NFU Mutual calls for VAT cut

Change in Autumn statement could increase spending and pour cash into UK businesses, according to report

Insurance News

By Paul Lucas

If the UK Government is serious about driving the economy forward in this post-Brexit climate, then reducing VAT is the key.

That is the verdict of NFU Mutual, which found that two thirds of consumers would increase their spending if VAT were reduced. In fact, the survey suggested that as much as £19.3 billion may be ploughed back into UK businesses

Its research found that a cut in VAT by 5% could provide the average UK adult with extra spending power of £547 per year. With NFU Mutual’s research showing that 67% of consumers would increase some spend as a result of VAT savings, British businesses could therefore look forward to a potential cash injection of up to £19.3 billion.

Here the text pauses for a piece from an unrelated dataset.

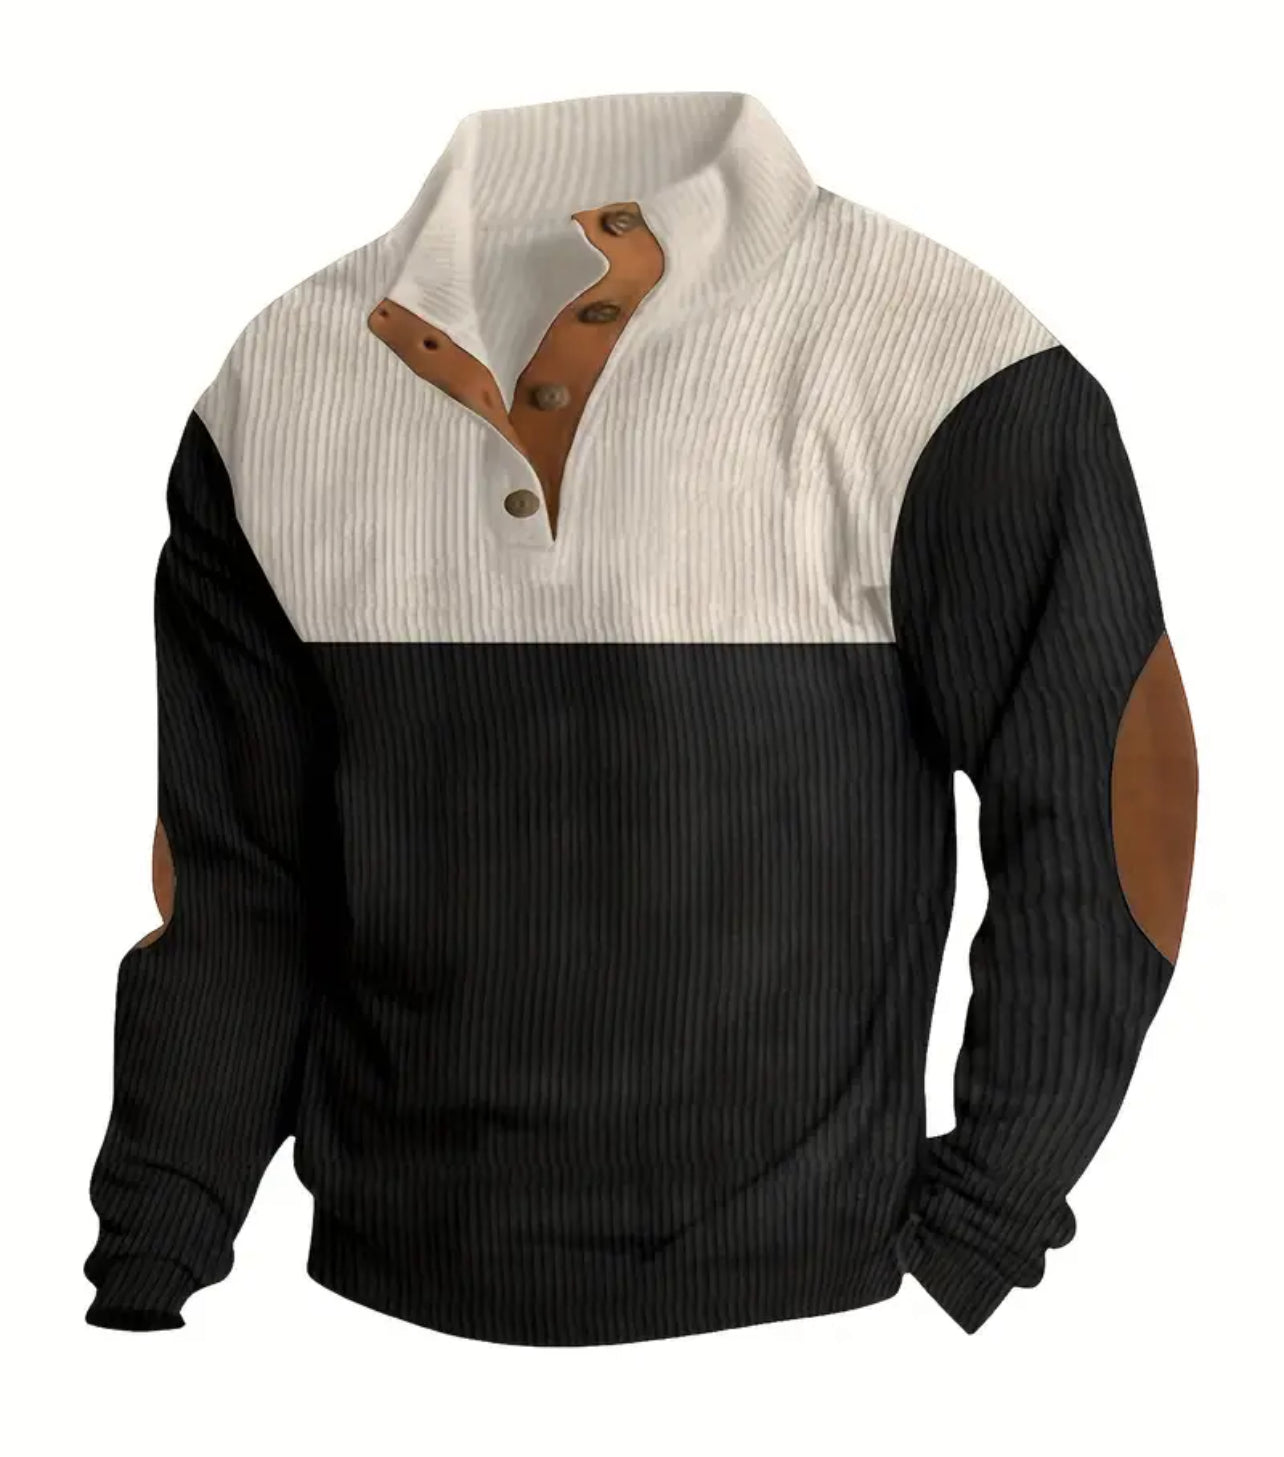 Retro Color Block Knitted Ribbed Sweater, Men's Casual Warm Mid Stretch Stand Collar Pullover, Sugar Daddy 🎩 Collection

Retail would be the sector set to benefit most, with over half (58%) of those increasing some spend using the cash to purchase items such as clothing, electrical goods and home and DIY products. High street and online stores could benefit from increased spend almost equally, with shares of 51% and 49% respectively.

“The encouraging sign is that there is clearly an appetite for increased spending among consumers,” said Paul Shattock, commercial sector specialist at NFU Mutual.

“With consumer spending coming under some pressure from rising inflation, the Chancellor’s decision to ‘reset’ fiscal policy could possibly include the option of cutting VAT by as much as 5% to support growth. Our research suggests that even in a more probable situation of a 1% cut, up to £3.9 billion could be ploughed into British business. With other announcements such as increased infrastructure spending seen as more likely, whether this opportunity can be delivered to customers and benefit UK businesses remains to be seen.”

The research found that over half of respondents that would increase spending (53%) would spend in UK hospitality industries on weekend breaks in the UK, eating out and hobbies and leisure. Over a third (36%) of spenders would increase spend on grocery shopping, for instance at the supermarket.